I spend the next 13 hours wandering around Tokyo. Imperial Palace. The bar at the Palace hotel where martini olives are skewered with solid gold toothpicks. Omotesando Koffee, where a single barista makes one drink at a time out of the basement of his home. Tokyo Tower, a horrible tourist trap out of TomorrowLand. Roppongi Hills, home of McDonald’s, Forever 21 and Zara.

After 13 hours, I have finally worked off the ramen and find myself pretty lost. I see a street that looks particularly inviting and I walk down it.

And then I begin to laugh because I realize that I have accidentally walked home.

I had picked a direction in the morning and committed to it and something brought me right back to where I started.

I guess what I realized today is that “home” is a relative term. I may feel displaced and almost like an invader here, but this is my home, at least for now. And there is great pleasure in feeling like you belong somewhere, even if you don’t.

The Widow and the Widower

The first thing I noticed when I walked into Zojoji Temple in Minato was a sign that requested “no photography.”

Right away I knew that this moment, unlike many others, was going to live solely in my brain and die with me when I die. The impermanence of memories like this actually help turn them into living, breathing, ever-changing entities, and when I am old I will look to my left on my porch and tell someone I love this story, and it will likely have changed dramatically by then. But nonetheless, I will take her by the hand and I will tell her about the memorial service at Zojoji..

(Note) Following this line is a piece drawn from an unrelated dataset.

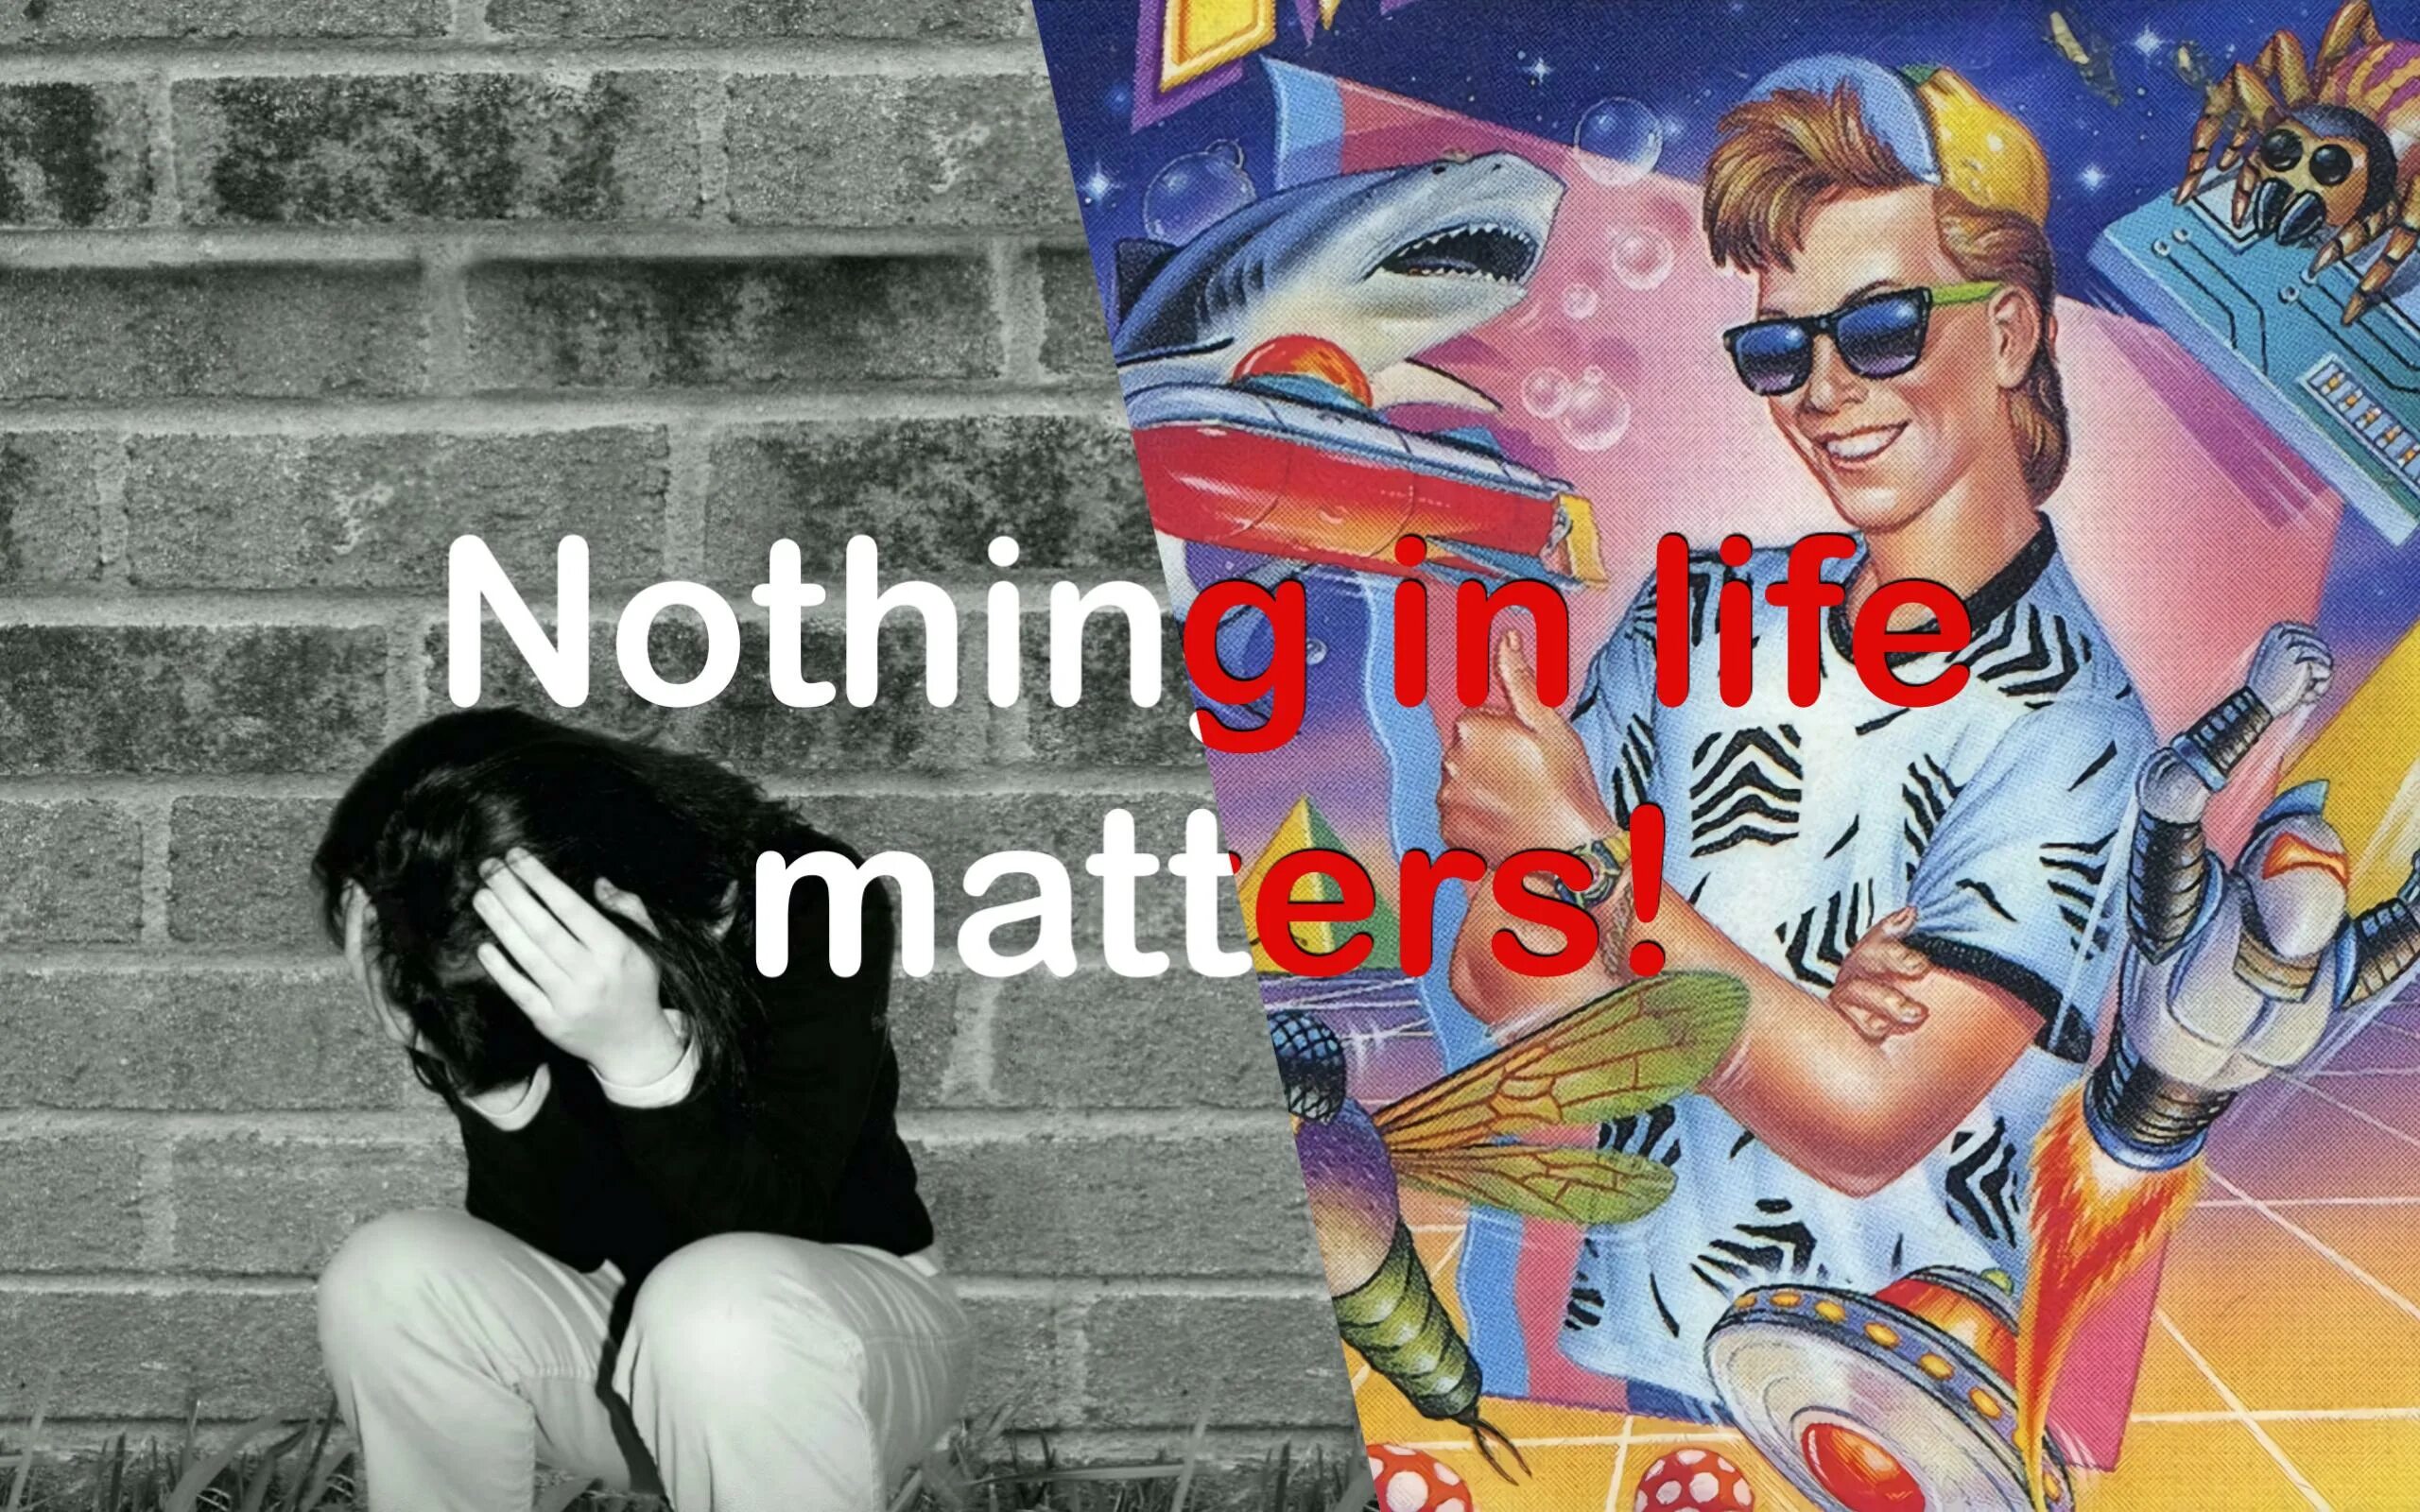 Nothing matters the last. Nothing in Life matters. Nothing in Life matters meme. Мемы экзистенциализм nothing in Life matters. In Life.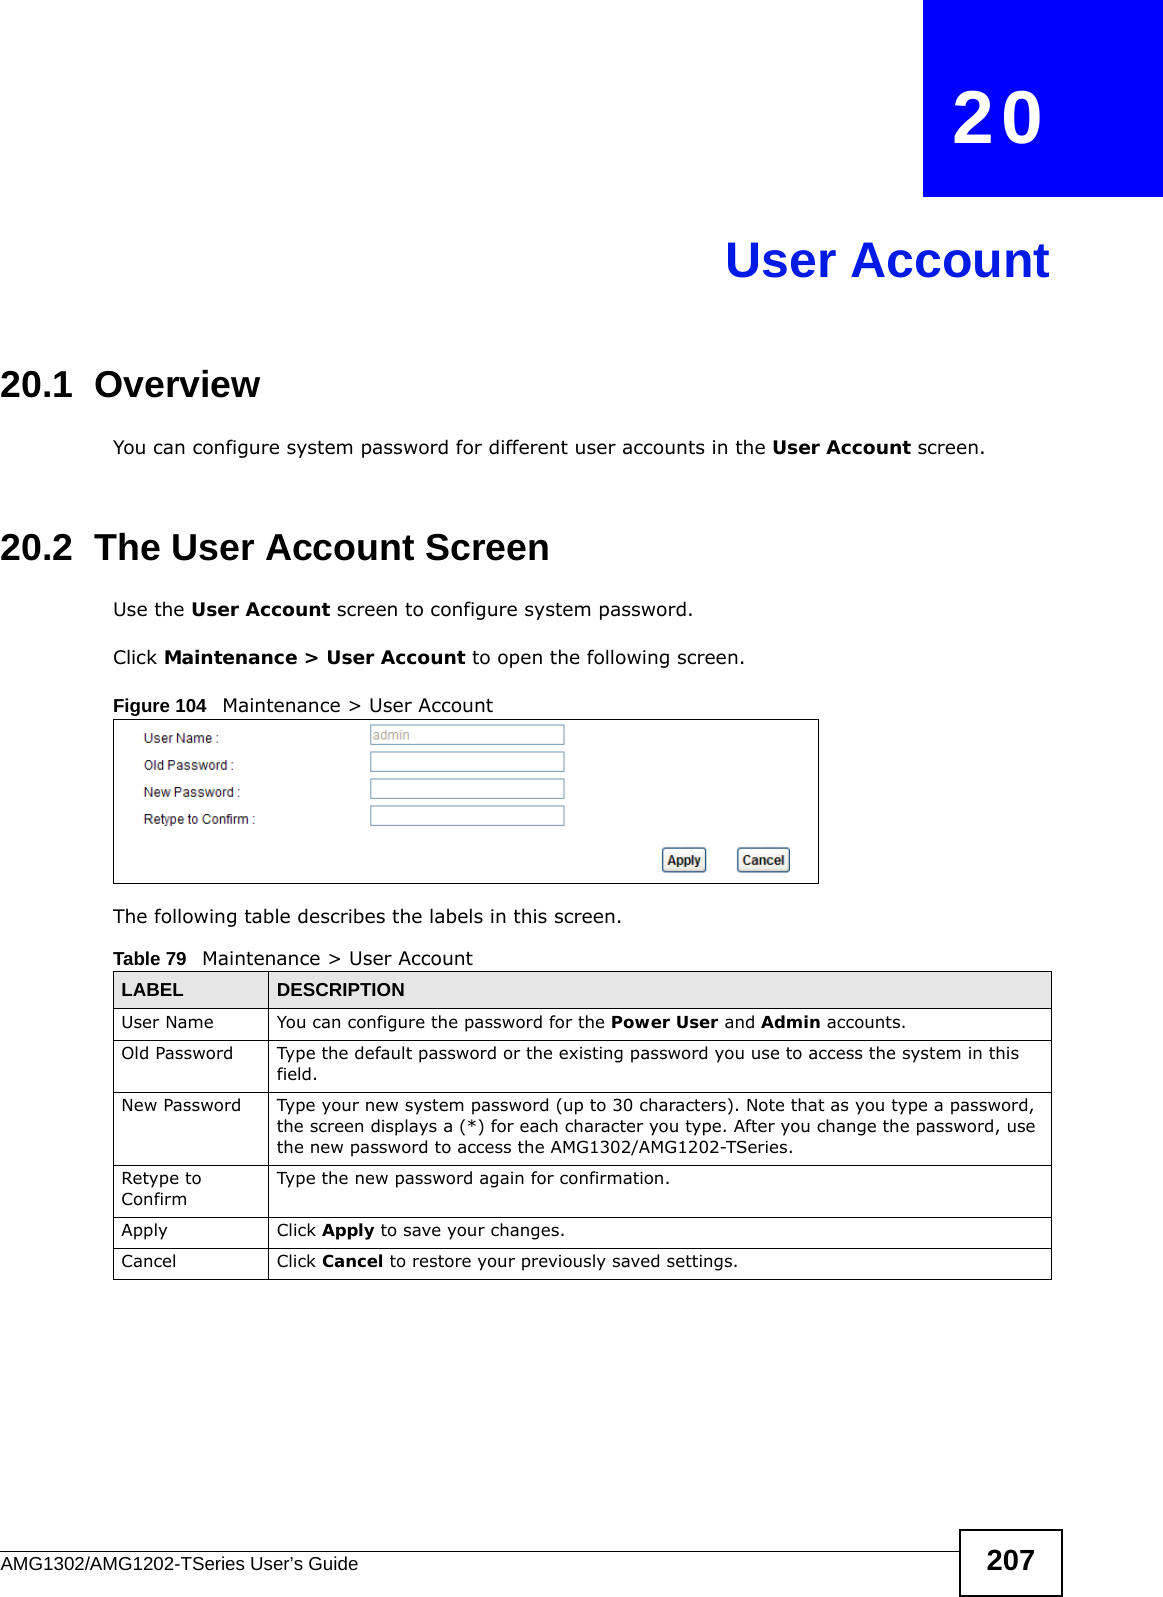 AMG1302/AMG1202-TSeries User’s Guide 207CHAPTER   20User Account20.1  Overview You can configure system password for different user accounts in the User Account screen.20.2  The User Account ScreenUse the User Account screen to configure system password.Click Maintenance &gt; User Account to open the following screen. Figure 104   Maintenance &gt; User AccountThe following table describes the labels in this screen. Table 79   Maintenance &gt; User AccountLABEL DESCRIPTIONUser Name You can configure the password for the Power User and Admin accounts.Old Password Type the default password or the existing password you use to access the system in this field.New Password Type your new system password (up to 30 characters). Note that as you type a password, the screen displays a (*) for each character you type. After you change the password, use the new password to access the AMG1302/AMG1202-TSeries.Retype to ConfirmType the new password again for confirmation.Apply Click Apply to save your changes.Cancel Click Cancel to restore your previously saved settings.

Chanting is immediately hypnotic to me. Gold Buddhas, prestine wooden floors, and the smell of incense. I drop a few hundred yen into a box and an elderly woman smiles at me, some of the first moments of warmth I’ve felt in this very private country. She walks over, sensing my disorientation and grabs my wrist, lowering my hand into a bowl of wood chips. I grab some and, with her help, drop them into a glowing red bowl of stones. Smoke comes up immediately and she waves her hands to move the smoke to my body. Cleansed and purified, I am now welcome. She bows and walks away.

I follow the sound of chanting and see a monk, facing the wall behind him. Draped in blue, he bangs a drum repeatedly, and perfectly on time. He chants along. Hmm. Drum. Hmm. Drum. An endless circular stream of liquid noise washing over the room, pummeling me into submission, stripping me of any thoughts. These chants enter your head and take over. That’s the point, I guess.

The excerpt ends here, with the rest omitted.